O instrumento utilizado é uma Arguição de Descumprimento de Preceito Fundamental (ADPF), que serve para questionar atos do poder público que possam violar princípios básicos da Constituição.

No caso, a associação afirma que não contesta o mérito da decisão do Senado, ou seja, o direito de aprovar ou rejeitar o nome, mas sim a forma como o processo ocorreu.

Um dos principais pontos levantados é a suspeita de que o resultado da votação já era conhecido antes da apuração oficial. A ação cita o momento em que o presidente do Senado, Davi Alcolumbre (União Brasil-AP), antecipou o placar ao dizer “vai perder por oito”.

Para a entidade, isso indicaria que a decisão já estava previamente definida, o que comprometeria a autenticidade da votação.

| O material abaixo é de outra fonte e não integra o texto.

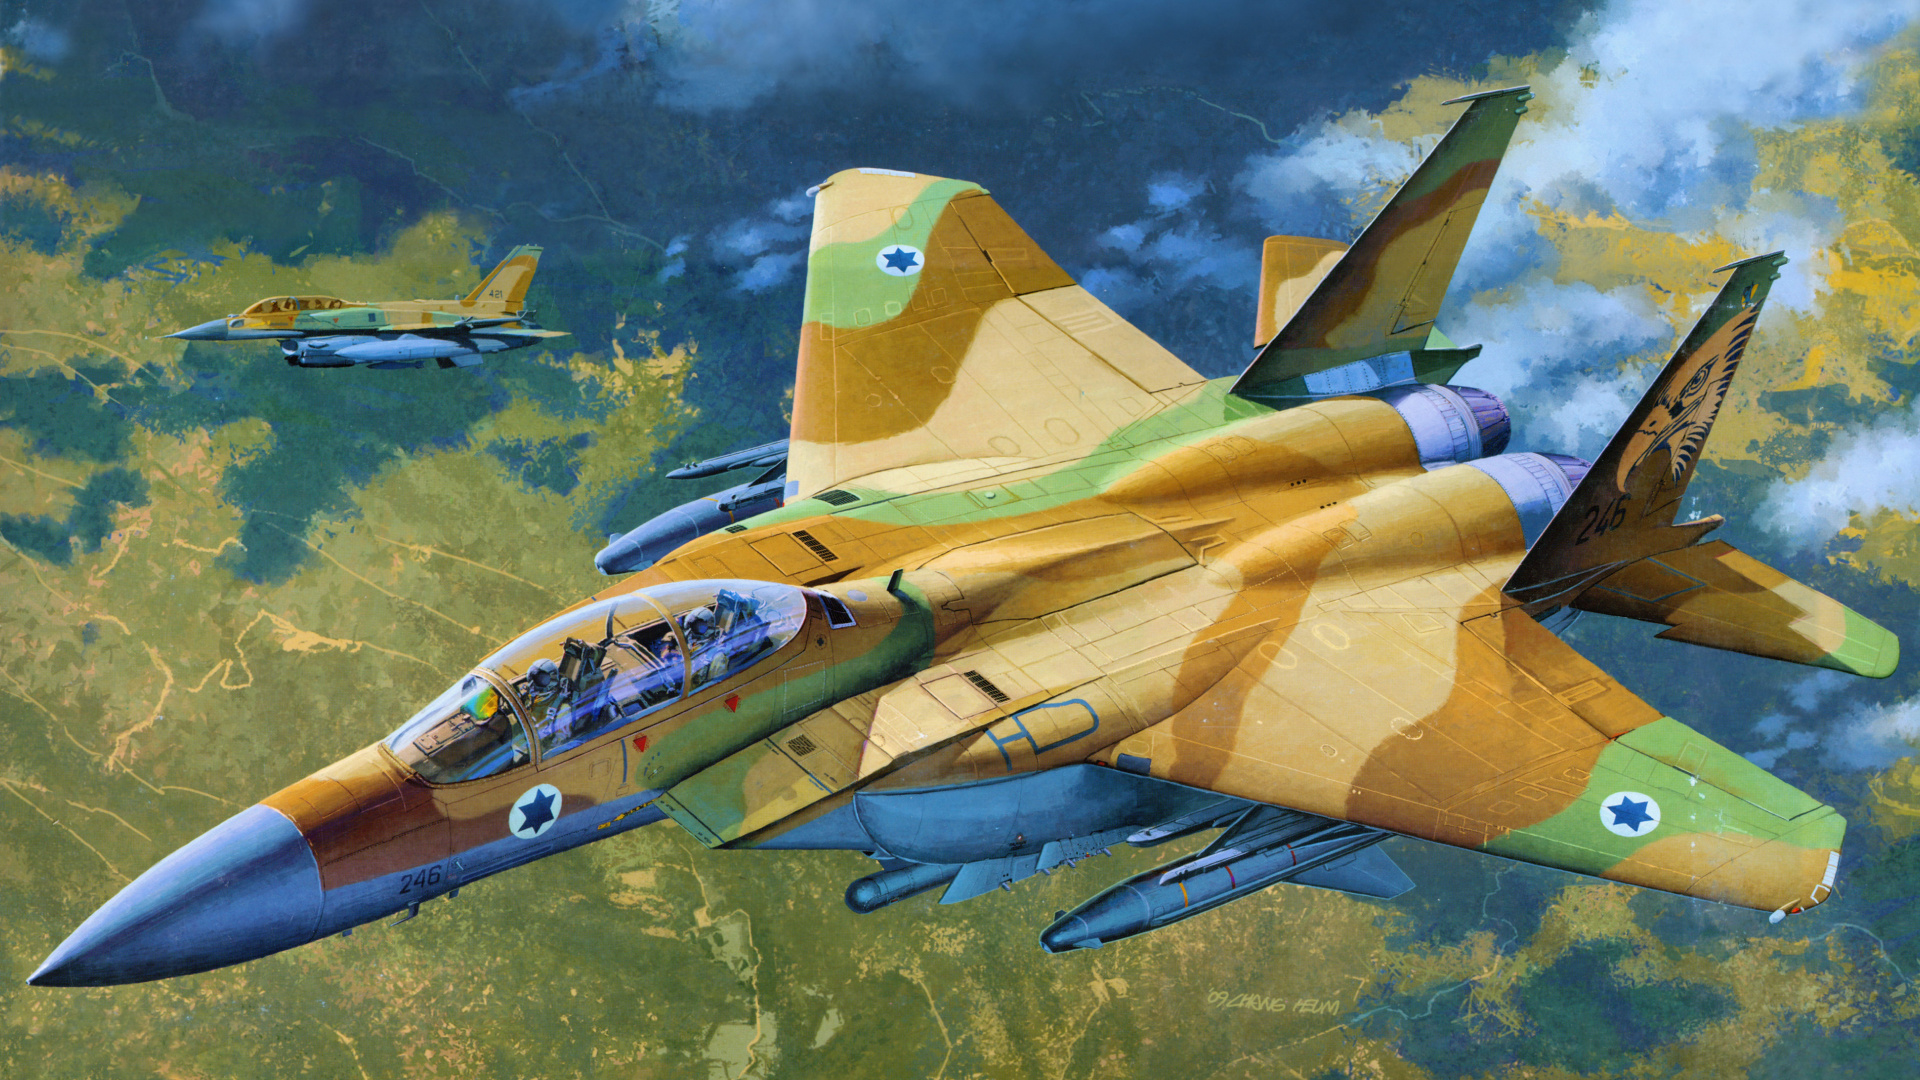 Yellow and Blue Jet Plane. Wallpaper in 1920x1080 Resolution

A ação afirma que, nessas condições, o procedimento teria se tornado um “simulacro decisório”, ou seja, uma formalidade sem deliberação real.

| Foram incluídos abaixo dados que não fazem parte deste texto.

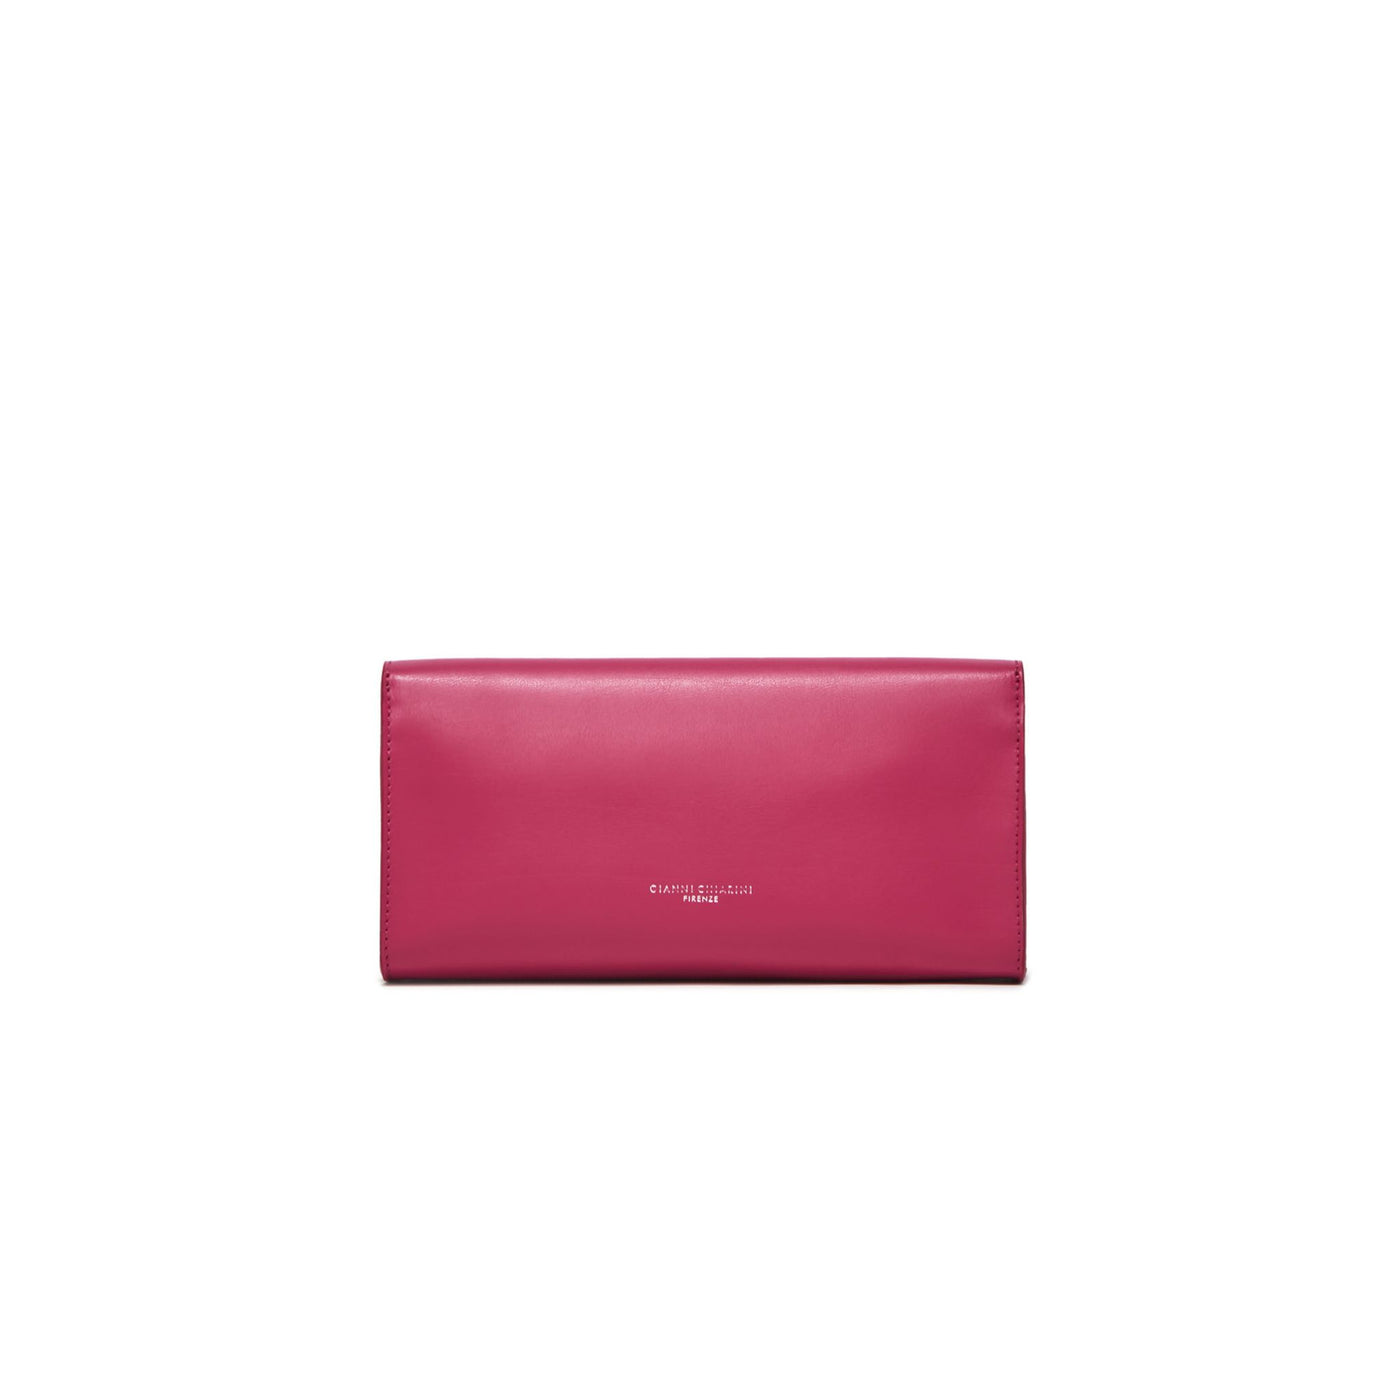 Women's pochette in smooth leather

Outro argumento é que o uso do voto secreto, nesse caso, não garantiu a liberdade dos parlamentares, mas teria contribuído para a falta de transparência. A associação afirma que o sigilo não pode ser utilizado para encobrir decisões previamente acertadas.

"No caso concreto, a opacidade do voto secreto, combinada com a antecipação do resultado que tornou pública a pré-determinação da votação, viola frontalmente o princípio da publicidade rawlsiano. Os cidadãos não podem aceitar como legítima uma deliberação cujo conteúdo foi definido às escuras e cujo resultado foi tornado público antes mesmo de formalmente produzido", afirma o documento.

A peça aponta, portanto, três problemas principais:

  • vício de vontade, quando a decisão não é tomada de forma livre;
  • desvio de finalidade, uso do processo para um objetivo diferente do previsto; e
  • violação do devido processo constitucional, conjunto de regras que garante que decisões públicas sejam tomadas de forma justa e transparente.

Além disso, a entidade argumenta que a rejeição ocorreu mesmo após a aprovação técnica do nome na Comissão de Constituição e Justiça (CCJ), o que reforçaria a incoerência do resultado final.